**TASK TO COMPLETE:** Whenever the string "Blue" appears in a line of the listing below, that line counts. Say how many lines count, and give nothing else.

**MATERIAL SUPPLIED:**
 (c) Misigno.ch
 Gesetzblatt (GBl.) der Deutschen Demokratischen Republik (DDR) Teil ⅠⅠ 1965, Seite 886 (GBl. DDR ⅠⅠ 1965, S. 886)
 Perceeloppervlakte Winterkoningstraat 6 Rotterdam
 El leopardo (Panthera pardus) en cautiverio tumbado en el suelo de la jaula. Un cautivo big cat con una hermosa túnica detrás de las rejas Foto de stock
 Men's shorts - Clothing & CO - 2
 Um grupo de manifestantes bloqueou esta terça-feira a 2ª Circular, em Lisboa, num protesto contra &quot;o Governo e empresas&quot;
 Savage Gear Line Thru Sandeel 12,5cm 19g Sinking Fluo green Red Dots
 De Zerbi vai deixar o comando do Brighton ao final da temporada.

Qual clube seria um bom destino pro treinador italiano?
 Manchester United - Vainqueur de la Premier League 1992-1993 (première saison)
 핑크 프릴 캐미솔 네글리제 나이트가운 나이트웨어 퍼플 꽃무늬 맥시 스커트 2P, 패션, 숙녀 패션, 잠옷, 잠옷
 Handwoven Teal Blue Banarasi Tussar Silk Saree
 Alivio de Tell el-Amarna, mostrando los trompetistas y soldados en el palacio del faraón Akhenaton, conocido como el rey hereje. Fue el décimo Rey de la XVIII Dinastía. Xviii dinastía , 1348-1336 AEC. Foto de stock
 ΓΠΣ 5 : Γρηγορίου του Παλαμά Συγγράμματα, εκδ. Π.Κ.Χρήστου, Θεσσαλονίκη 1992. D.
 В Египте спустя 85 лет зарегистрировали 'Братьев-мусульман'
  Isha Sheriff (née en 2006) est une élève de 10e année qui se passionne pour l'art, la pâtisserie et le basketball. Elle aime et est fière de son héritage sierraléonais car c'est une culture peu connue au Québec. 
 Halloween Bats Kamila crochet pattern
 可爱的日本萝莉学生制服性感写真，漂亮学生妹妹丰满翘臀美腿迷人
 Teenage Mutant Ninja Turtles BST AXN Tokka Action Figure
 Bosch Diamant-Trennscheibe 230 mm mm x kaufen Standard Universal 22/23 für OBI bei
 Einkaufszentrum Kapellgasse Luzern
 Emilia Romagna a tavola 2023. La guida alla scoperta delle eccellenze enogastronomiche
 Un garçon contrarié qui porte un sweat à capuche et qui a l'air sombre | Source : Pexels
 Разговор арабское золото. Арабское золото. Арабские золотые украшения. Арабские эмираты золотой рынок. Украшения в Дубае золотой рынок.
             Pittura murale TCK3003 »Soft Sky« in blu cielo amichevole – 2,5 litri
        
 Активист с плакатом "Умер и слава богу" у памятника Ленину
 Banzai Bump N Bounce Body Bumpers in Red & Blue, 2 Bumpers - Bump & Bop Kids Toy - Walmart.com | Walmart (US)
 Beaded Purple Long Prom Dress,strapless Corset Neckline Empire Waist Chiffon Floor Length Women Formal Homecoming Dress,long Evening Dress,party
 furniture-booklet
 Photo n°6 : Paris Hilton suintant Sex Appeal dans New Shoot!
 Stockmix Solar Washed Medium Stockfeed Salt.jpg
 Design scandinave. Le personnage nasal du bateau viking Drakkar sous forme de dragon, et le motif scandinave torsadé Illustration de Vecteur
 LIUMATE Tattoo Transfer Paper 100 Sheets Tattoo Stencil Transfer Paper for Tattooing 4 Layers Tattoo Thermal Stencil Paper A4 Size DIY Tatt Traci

**OUTPUT OF THE TASK:** 2